I’m building a SaaS startup with ex-Googlers. I’ve had great feedback and
validation from individuals and companies on the product.

Most of the posts on HN are looking to hire hackers. I'm trying something a
bit different:

Email me if you fit any of the following:

• Marketing

• Growth hacking

• Biz dev / Sales

I respond to all of my emails.

Email: marco@masswerks.com

------
kingofspain
SEEKING WORK - Remote

Web & mobile design/development. I can (and do!) work at all stages of the
process, from mockups to front end build to building out the backend & API's.

Web: HTML 5, CSS, Javascript, PHP (particularly Codeigniter), some server JS.

Mobile apps: iOS, Android, mainly use Titanium but have used Phonegap too.

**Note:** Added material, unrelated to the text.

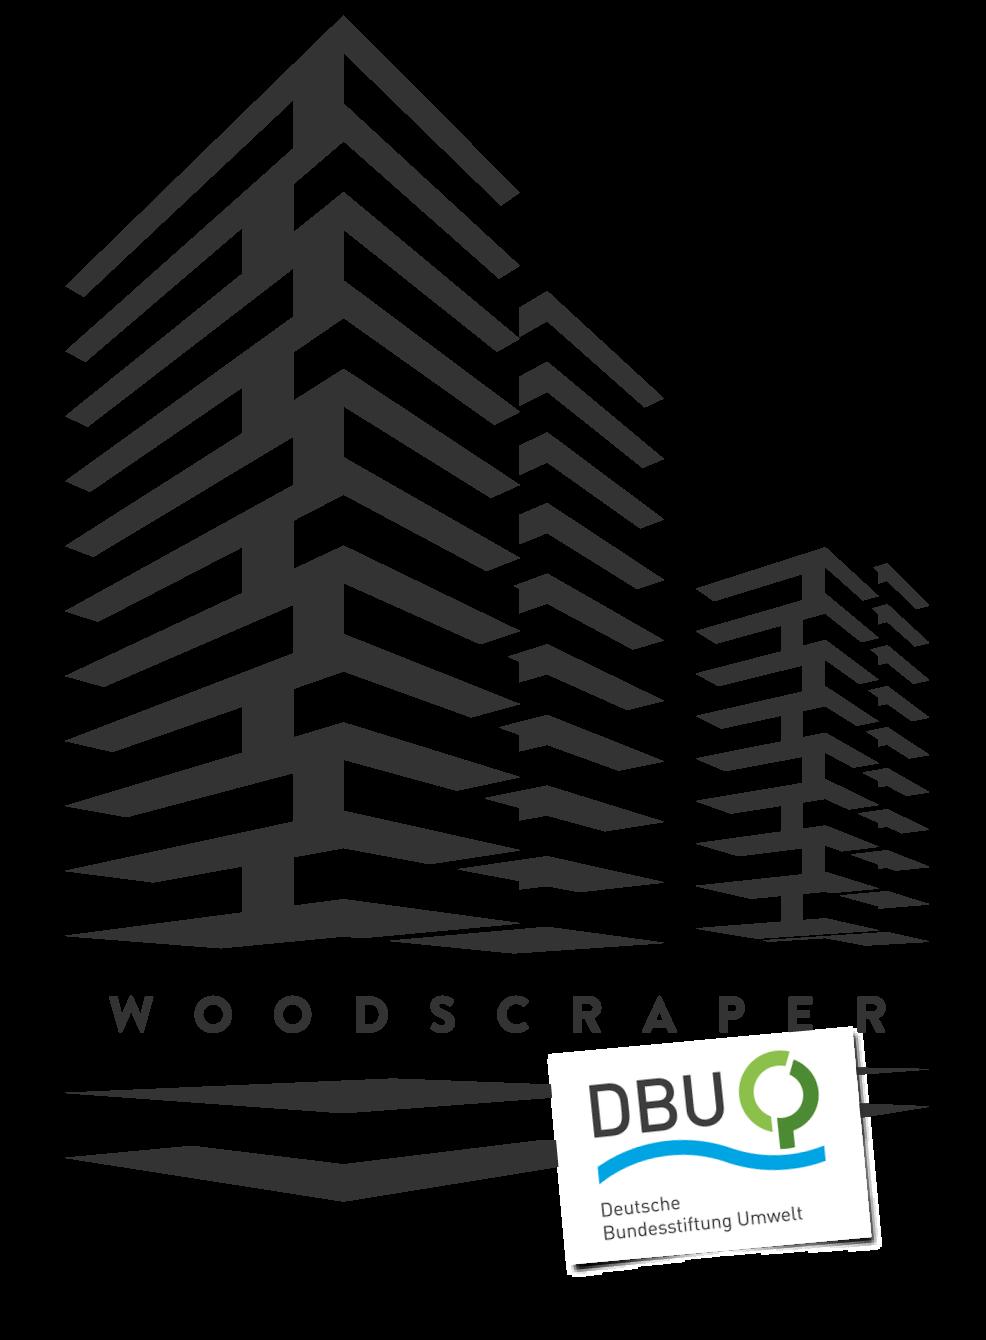 Woodscraper_Logo_DBU.png

Previous work includes e-commerce, web apps, API development, frontend build,
app design... the list goes on.

Can supply links to sites & apps on request. Contact in profile. Ageing
personal site at [http://pitbot.net](http://pitbot.net)

I'm in the UK.

------
cool-RR
SEEKING WORK - Remote only. (Based in Tel-Aviv.)

My name is Ram Rachum, and I’m a freelance software developer. I help
businesses solve their problems using software, mostly by developing web-based
applications.

I work mainly in Python and Django.

On the technical level, it’s my responsibility to have high problem-solving
skills; to design a good architecture for each project I work on; to implement
that architecture quickly and effectively; and to be experienced with the
languages and frameworks that I’m using, so when a problem comes up, I don’t
have to spend 2 hours to research and solve it but rather just 5 minutes,
because I’ve seen that problem dozen of times before.

On the project-management level, it’s my responsibility to communicate clearly
and honestly with the client and my collaborators on the project; to
understand exactly what the client wants to build as we plan together how to
build it; to always keep the client updated about progress; to have an owner
mentality and make decisions with the best interest of the client in mind; to
own up to mistakes when they happen; and to always get feedback as early as
possible from the client and from the users, so we know we’re not wasting time
going into blind alleys, and we’re spending time only on features that the
users are happy with.

My email is ram@rachum.com . Send me an email and say hello.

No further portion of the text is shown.